From Newsgroup: sci.space.news
http://dawn.jpl.nasa.gov/mission/journal_03_30_17.html
Dawn Journal
Dr. Marc Rayman
March 30, 2017
Dear Leonardo dawn Vinci, Micheldawngelo and Other Artistic Readers,
Now in its third year of orbiting a distant dwarf planet, a spacecraft
from Earth is as active as ever. Like a master artist, Dawn is working
hard to add fine details to its stunning portrait of Ceres.

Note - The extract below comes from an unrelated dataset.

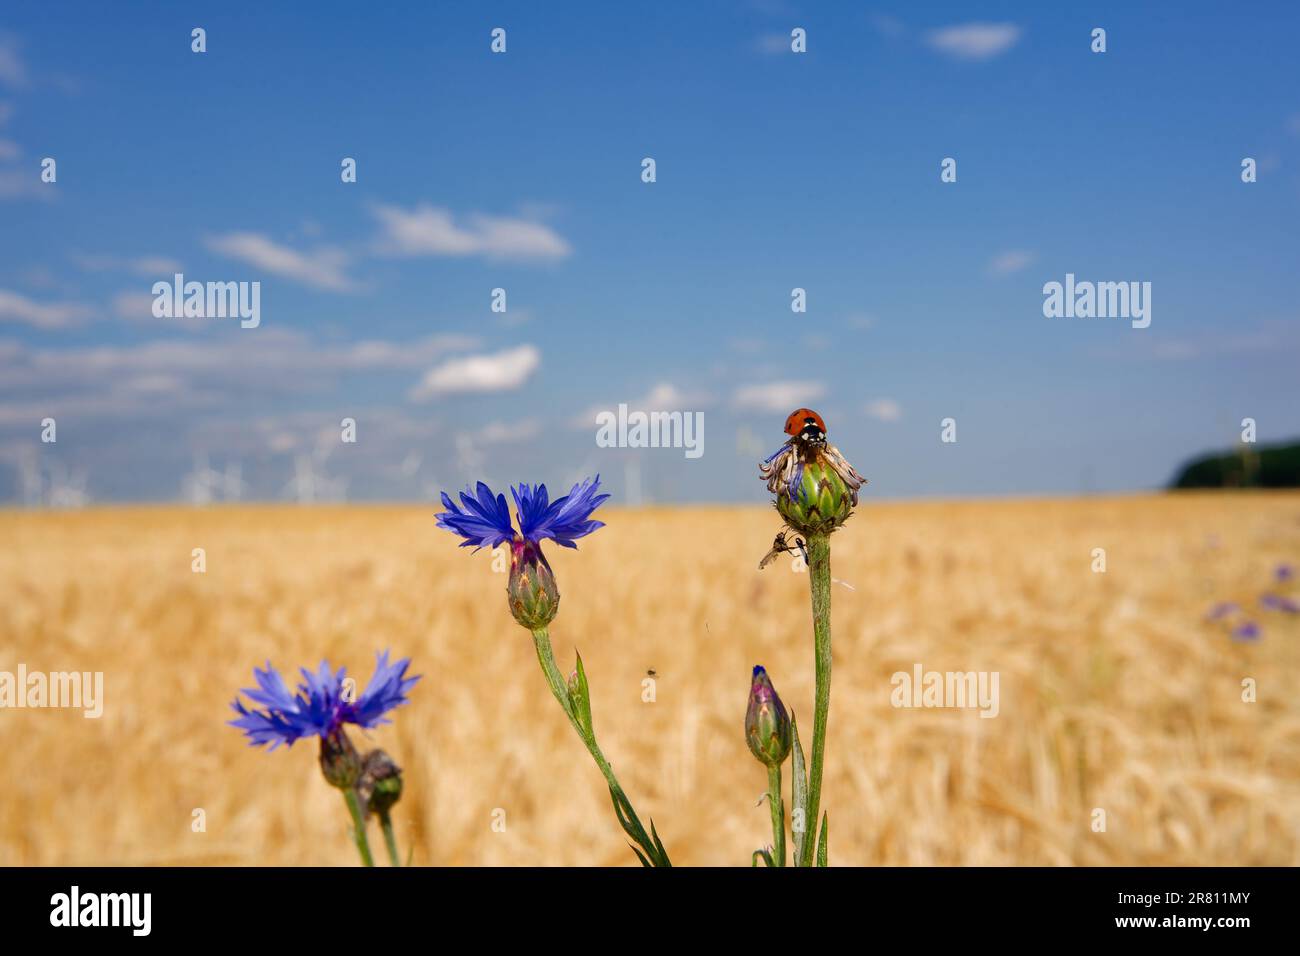 Mariquita en una flor de maíz azul frente a un campo de trigo y cielo azul Foto de stock

In this phase of its extended mission, the spacecraft's top priority
is to record space radiation (known as cosmic rays) in order to refine
its earlier measurements of the atomic species down to about a yard (meter) underground. The data Dawn has been collecting are excellent.
[Image]
Dawn saw this rugged terrain on August 15, 2016, from an altitude of 240
miles (385 kilometers). This is the southeastern end of a network of canyons in Yalode Crater called Nar Sulcus. (Nar is from a modern pomegranate
feast in part of Azerbaijan. A sulcus is a set of parallel furrows or
ridges.) We saw the rest of these canyons as they extend far to the northwest here. Geological structures like this have been found on some icy moons
of the outer planets. The tremendous impact that formed Yalode heated
the mixture of ice, rock and salt, which is a common combination on Ceres, perhaps causing a large volume to melt. When it subsequently refroze,
it would have expanded (just as water does when it turns to ice in your freezer), and that may have created stresses that fractured the ground, forming Nar Sulcus. You can locate this scene in the eastern part of Yalode
on this map near 41S, 281E. With a diameter of 162 miles (260 kilometers), Yalode is the second largest crater on Ceres. We have presented other
photos of the crater, most recently in January. Full image and caption.

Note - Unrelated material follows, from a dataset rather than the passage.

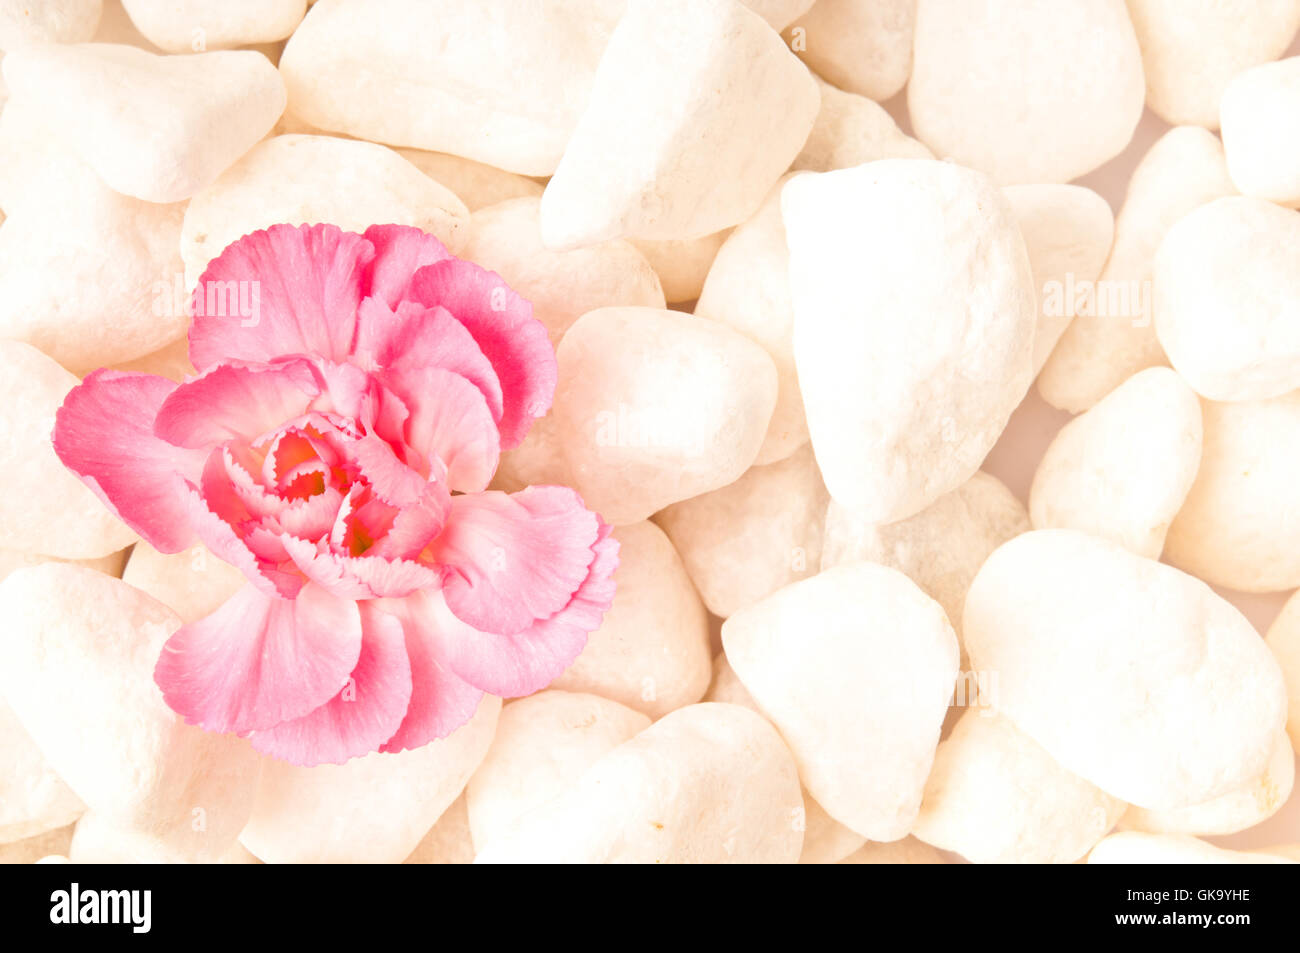 Achtsamkeit-Konzept, rosa Blume auf weißen Steinen Stockfoto

Image credit: NASA/JPL-Caltech/UCLA/MPS/DLR/IDA
As we explained in January, the ambitious mission has added a complex
bonus to its plans. The team is piloting the ship through an intricate
set of space maneuvers to dramatically shift its orbit around Ceres. They
are now about halfway through, and it has been smooth sailing. Dawn is
on course and on schedule. (If you happen to be one of the few readers
for whom it isn't second nature to plan how to change a spacecraft's
orbit around a dwarf planet by 90 degrees and then fly it under control
of ion engine, last month's Dawn Journal presents a few of the details
that may not be obvious. And you can follow the adventurer's orbital
progress with the regular mission status updates.)
If all goes well, on April 29 the new orbit will take Dawn exactly between
the sun and the famous bright region at the center of Occator Crater.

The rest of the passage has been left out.